On this news, shares of Clover common shares (CLOV) plummeted from their February 3, 2021 closing price of $13.95 per share to close at $12.23 per share on February 4, 2021, and Clover warrants (CLOVW) fell $0.18 per warrant, to close at $3.39 per warrant on February 4, 2021.
The complaint, filed on February 5, 2021, alleges that throughout the Class Period defendants made materially false and misleading statements regarding the Company’s business. Specifically, defendants made false and/or misleading statements and/or failed to disclose that: (i) Clover was the recipient of a Civil Investigative Demand from the DOJ; (ii) much of Clover’s sales are driven by a major related party deal that Clover not only failed to disclose but took active steps to conceal; (iii) Clover’s subsidiary Seek Insurance failed to disclose its relationship with Clover and misled consumers as to its purported independence; (iv) Clover’s software was in fact rudimentary; and (v) as a result, the Company’s public statements were materially false and misleading at all relevant times.
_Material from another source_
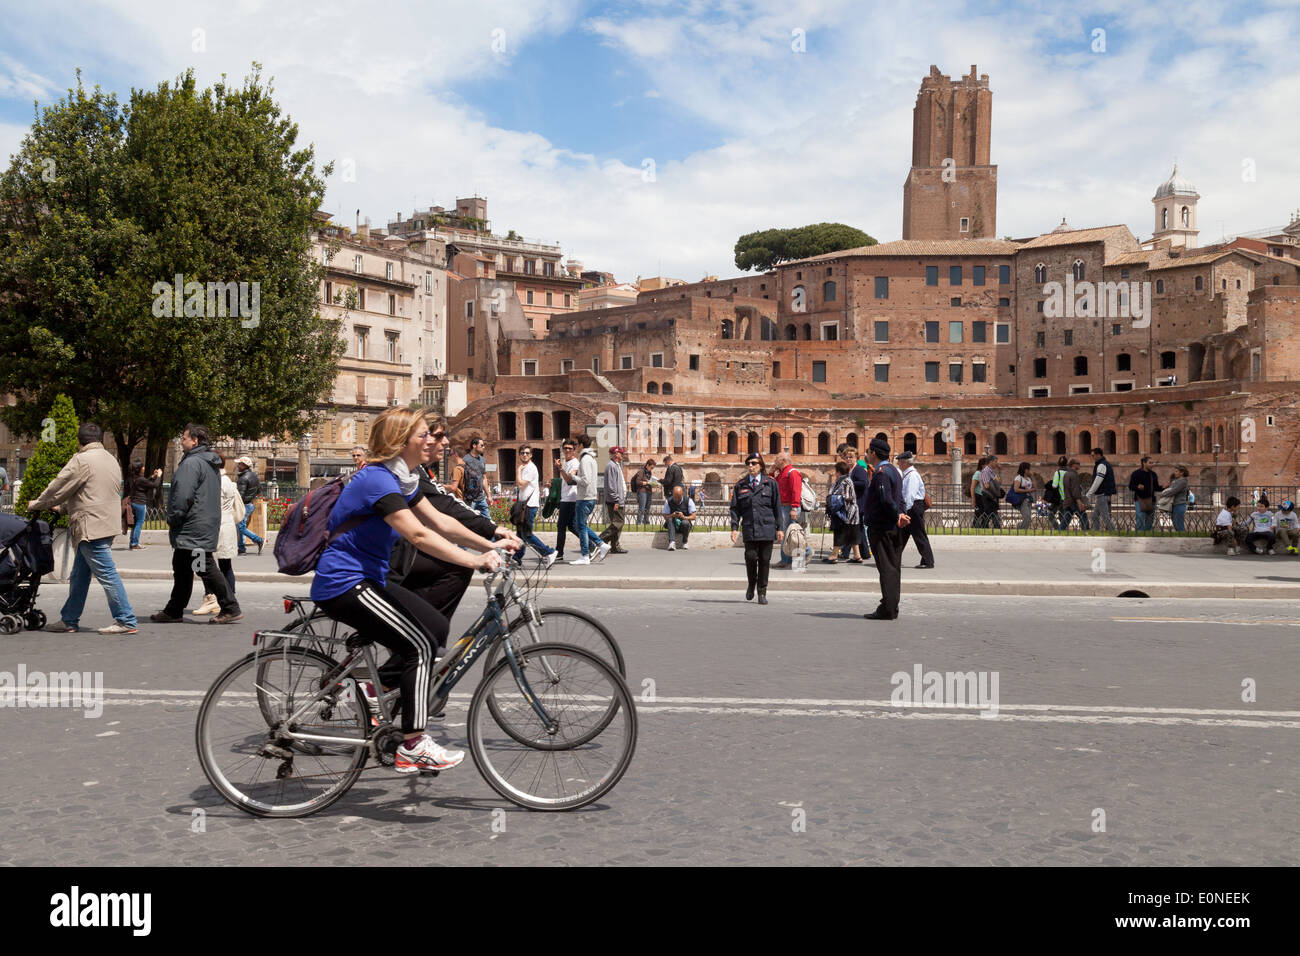 Cyclisme Italie; personnes vélo, équitation vélos, centre ville de Rome, Rome, Italie Europe Banque D'Images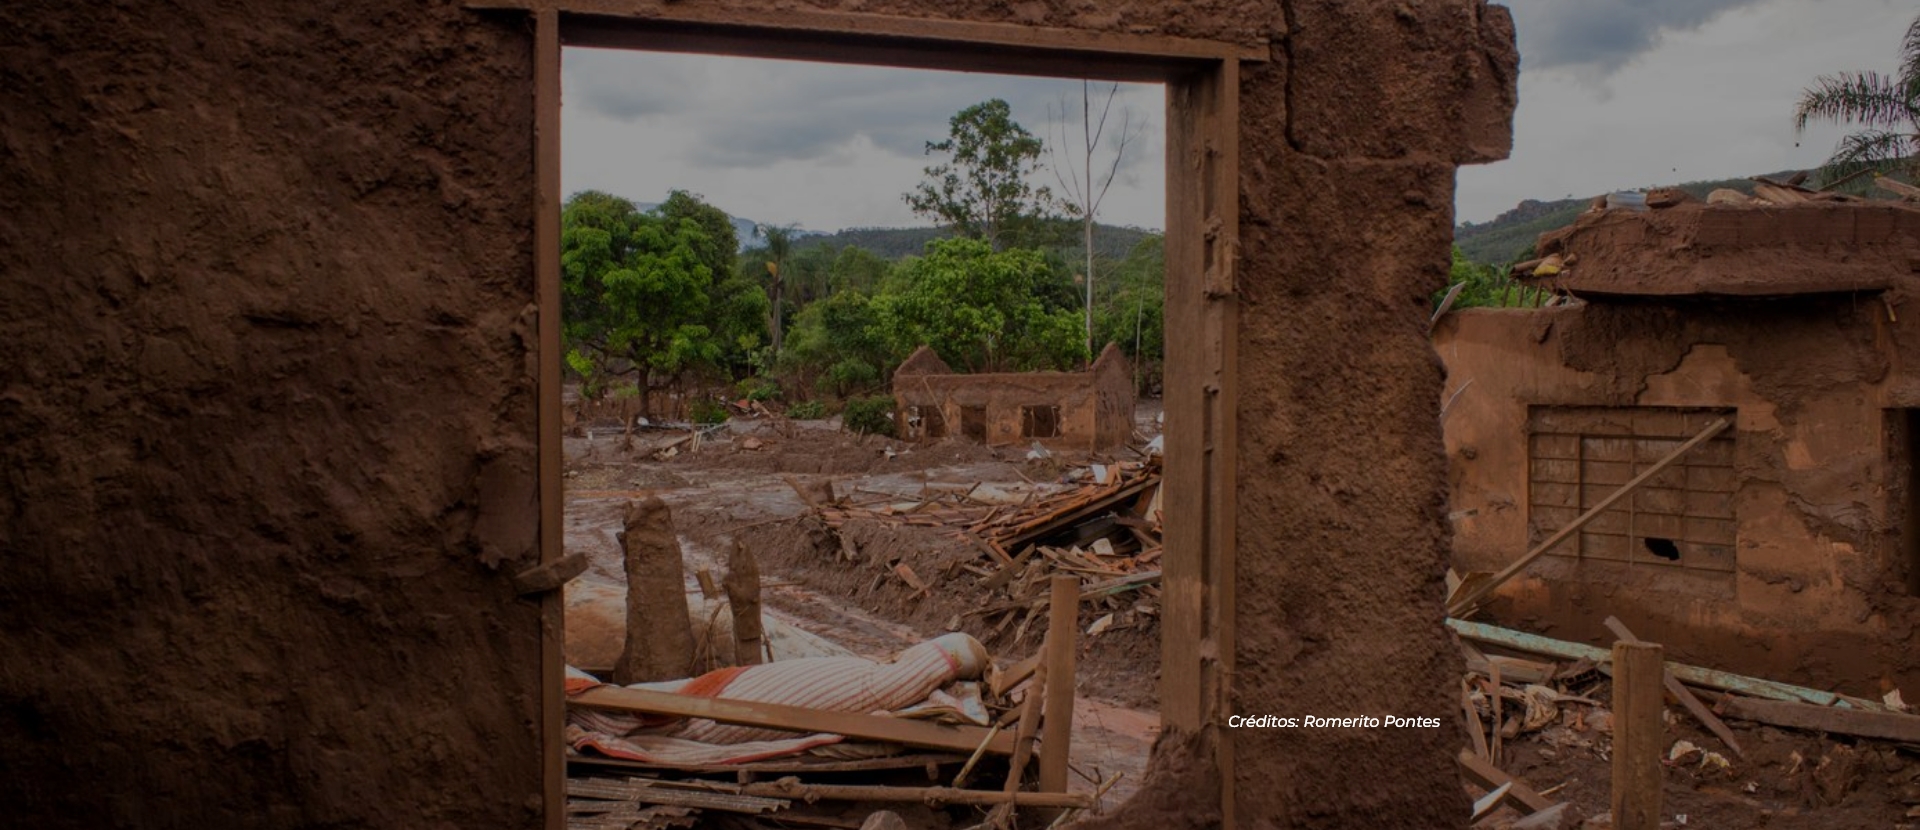 Imagem de casas destruídas pela lama. Créditos: Romerito Pontes.

For more information on the Clover Health class action go to: https://bespc.com/cases/clover
About Bragar Eagel & Squire, P.C.:
Bragar Eagel & Squire, P.C. is a nationally recognized law firm with offices in New York, California, and South Carolina. The firm represents individual and institutional investors in commercial, securities, derivative, and other complex litigation in state and federal courts across the country. For more information about the firm, please visit www.bespc.com. Attorney advertising. Prior results do not guarantee similar outcomes.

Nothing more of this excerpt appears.